Friday, 22 de November de 2024 ISSN 1519-7670 - Ano 24 - nº 1315

Jornalismo de horrores

Gentil e visceralmente, o poeta Eugênio Giovenardi propõe versos para melhor alertar a Humanidade sobre os perigos comportamentais oriundos do distanciamento da sensibilidade, levando, por exemplo, pessoas a cometerem atrocidades violentas que prejudicam a qualidade de vida no mundo. No livro Ventos da alma (2003), especialmente nos poemas “Preocupações” e “Horrores cotidianos”, Giovenardi destaca criticamente o peso da violência simbólica (mãe da violência física) promovida pelo jornalismo sensacionalista.

Cada agente midiático é responsável por aquilo que diz/escreve, num nível existencial em que nossos compromissos éticos, políticos e estéticos encontram-se e ligam-se estreitamente. Ao naturalizar a tristeza, a “imprensa marrom” contribui para a transformação do horizonte colorido em totalidade cinzenta, fazendo-nos crer que a felicidade é um tipo de “impossível desnecessário”, projetando, assim, um “efeito estufa” no qual o trágico é alçado perigosamente como resumo mais apropriado do humano.

No primeiro poema assinalado, Giovenardi utiliza o recurso da enumeração gradativa, negativamente condicionada a processar automaticamente a realidade social como se ela fosse um mero conjunto de quinquilharias atitudinais ordinárias.

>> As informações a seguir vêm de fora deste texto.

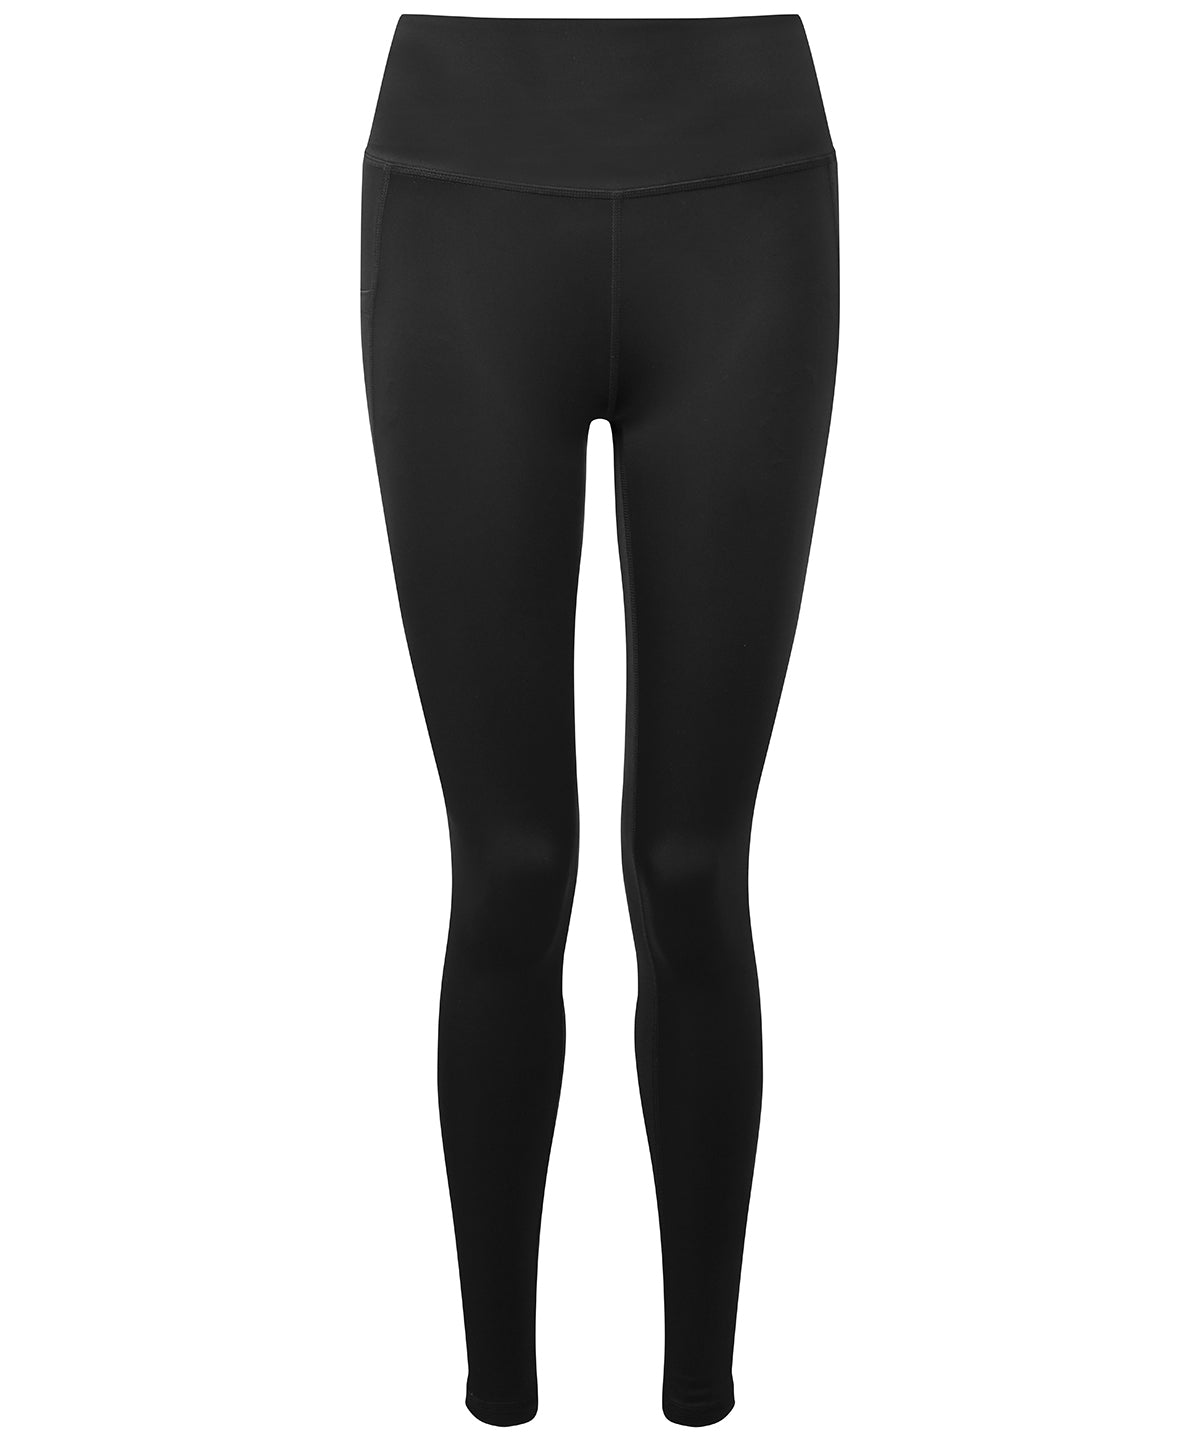 Women's TriDri® high-shine leggings
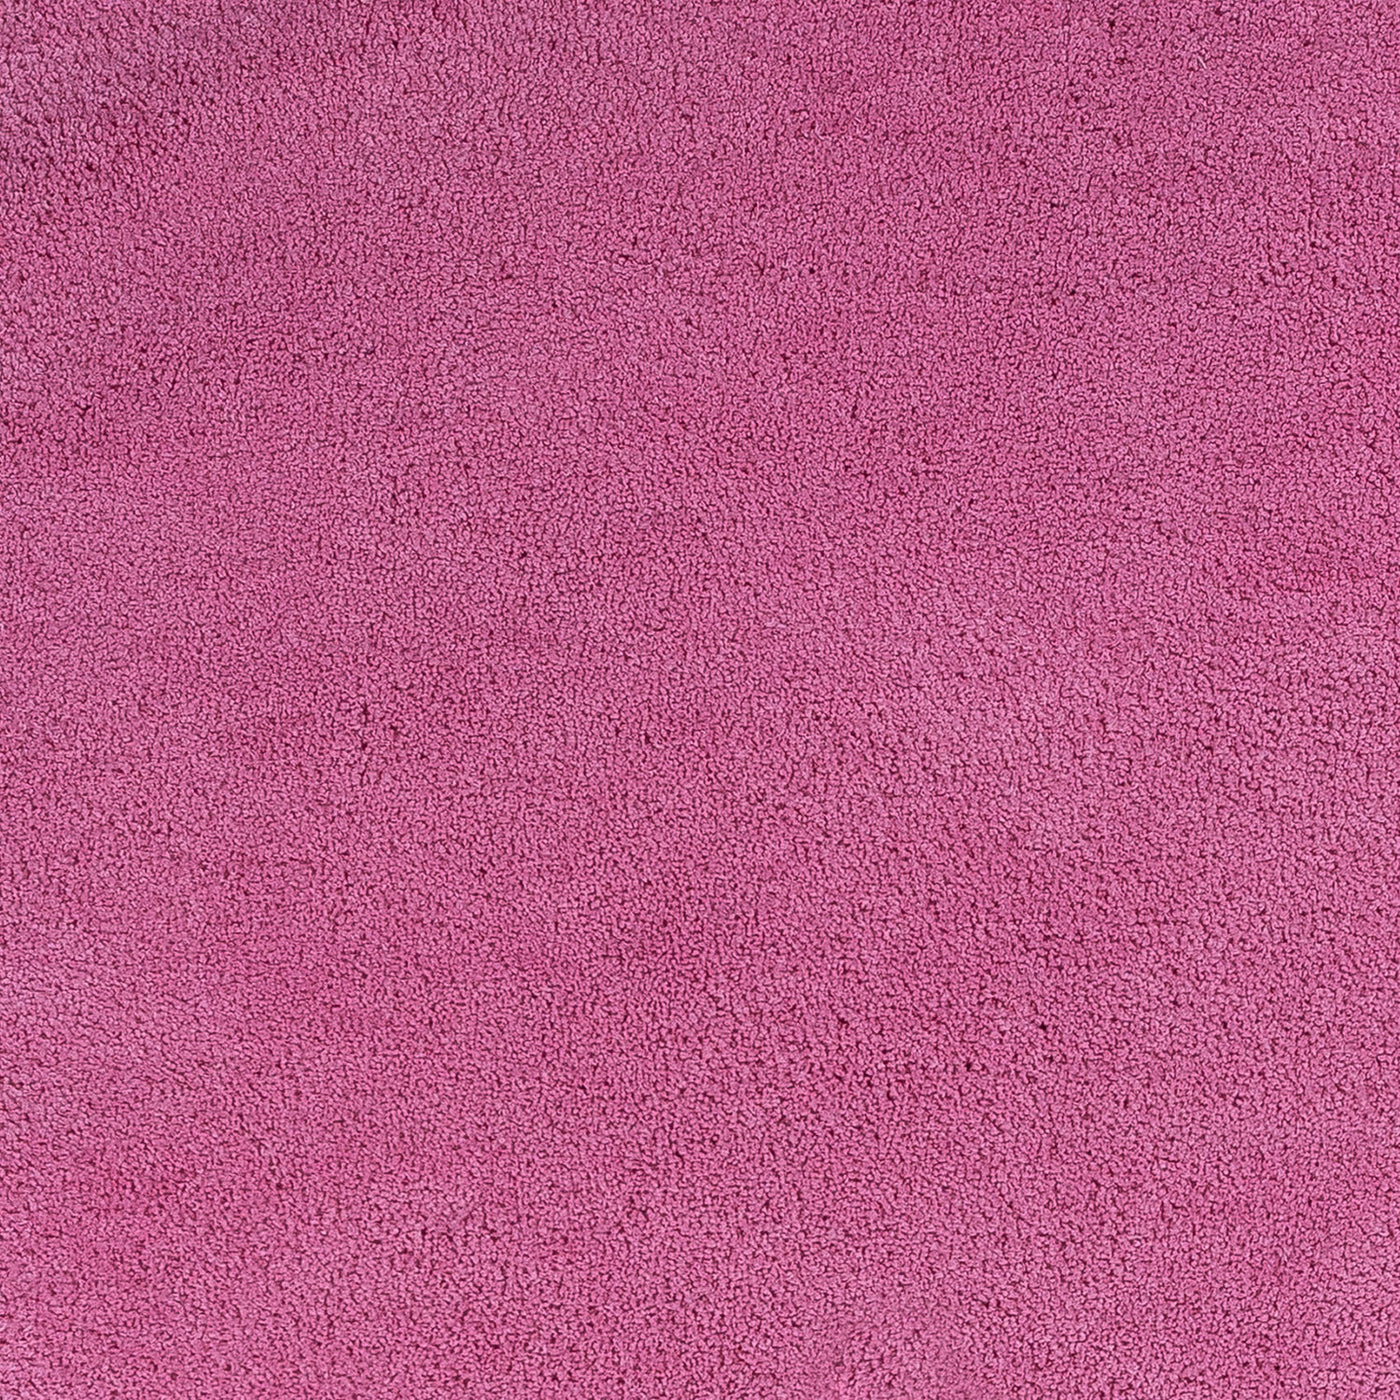 Bahia XII 5' x 7' - Hot Pink Area Rug

O cotidiano é empobrecido por conta da ausência do sublime, favorecendo a proliferação nefasta do império do grotesco:

“O juro da caderneta,/ a flutuação do dólar,/ a conta da luz,/ a antena da tevê,/ o mau humor da empregada,/ as bebedeiras do caseiro,/ a ausência dos amigos,/ a superficialidade das telenovelas,/ a indiferença dos funcionários/ do Correio e da Telebrasília./ As queimadas criminosas e primitivas,/ os alarmes dos carros,/ os cavalos de pau/ e os pegas noturnos,/ os meninos de rua,/ os cuidadores de carro,/ os ladrões de banana,/ os anões do congresso,/ os políticos ladinos,/ os corruptos insignes,/ as falas do presente,/ os protestos inúteis do cidadão,/ as imunidades da corte,/ as impunidades legais./ Brazagallo, brazico, Brasil,/ o imenso carnaval continental,/ a irresponsabilidade geral.”

Muros antissociais

Interessa-nos, de perto, perceber como o poeta apela objetivamente para o meio descritivo no sentido de melhor dissertar sobre a pequenez de nossas preocupações que impedem a experiência da vida em plenitude. Considerar tudo o que se passa como mínimo também prejudica a sensibilidade humana como linguagem afetiva capaz de acolher as sutilezas variadas, conforme a natureza específica e relacional de cada matéria. Cair no conto da mesmice é, assim, perder de vista o que de maravilhoso acontece, aceitando o enfadonho como única instância do real. Nesse sentido, “a antena de tevê” e “a superficialidade das telenovelas”, segundo Giovenardi, fazem parte da lista de fatores negativos que rebaixam ou inviabilizam a nossa potência de agir, mirada na qualidade estética (a procura do belo) e ética (a procura do bem).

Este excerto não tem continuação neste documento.